Julio Martínez Mesanza (J.M.M.).En su poesía se funden dos tradiciones, la castellana y la inglesa, que rara vez se ven juntas en otros autores españoles. Donne, Hopkins, Eliot… La poesía inglesa ha constituido una materia de estudio preferente para usted y, tal vez, ha imprimido un carácter particular a su obra. ¿Podría hablarnos de sus relaciones con la cultura inglesa en general? ¿Qué elementos procedentes de los poetas metafisleos, o de Hopkins, o de Eliot, a quien trató en persona, ha trasladado conscientemente a su poesía?

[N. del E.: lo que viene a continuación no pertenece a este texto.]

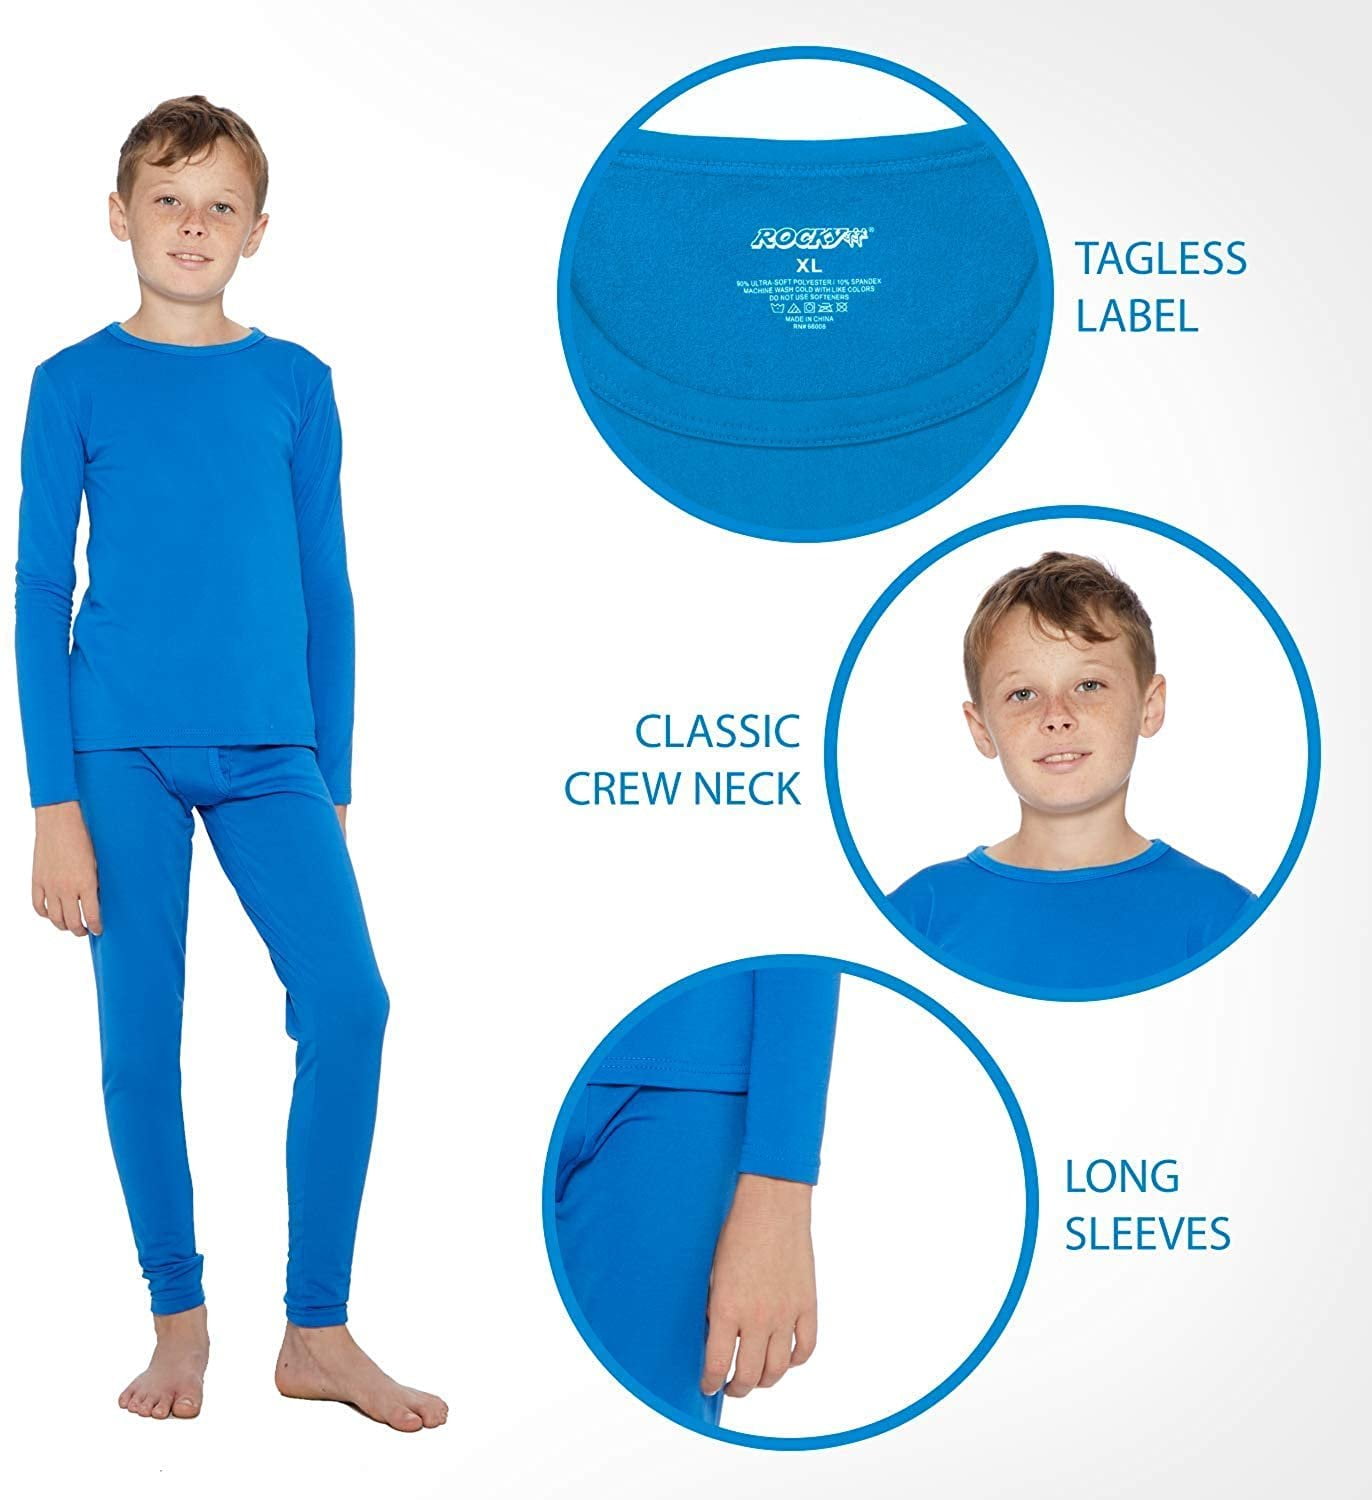 Rocky Camiseta térmica de capa base para niña (Long John Underwear

José Antonio Muñoz Rojas (J.A.M.R.).— Mi formación y mi educación no han sido inglesas. En realidad, en la literatura inglesa entré mucho más tarde, y no fue por razones tradicionales, pues mi familia no tenía antecedentes ingleses de ninguna clase. En cambio, sí fueron, fundamentalmente, muy españolas, en el sentido de que mis lecturas iniciales -sobre todo en los jesuítas- fueron lecturas clásicas castellanas. Para mí resultaron muy formativas y han sido los pilares de todo lo que, poco o mucho, haya podido ser literariamente. Mi contacto con la literatura inglesa fue más tardío. A los dieciséis años empecé a estudiar inglés por pura afición, con una profesora particular. Y seguí con ello a lo largo de la carrera, con vistas a hacer oposiciones a la carrera diplomática. Yo había estudiado Derecho en Madrid y era lo que me parecía más oportuno, ya que mi afición no iba por los aspectos jurídicos de la carrera. Como digo, ésta fue una afición tardía, pero que, luego, ha sido muy importante para mí y, en cierta medida, ha completado toda mi formación castellana. Le debo muchísimo a la literatura inglesa, con la que tomé contacto inicialmente en una ocasional estancia en Cambridge. Después hice todo lo posible para volver allí y completar en la medida que pudiera esa formación.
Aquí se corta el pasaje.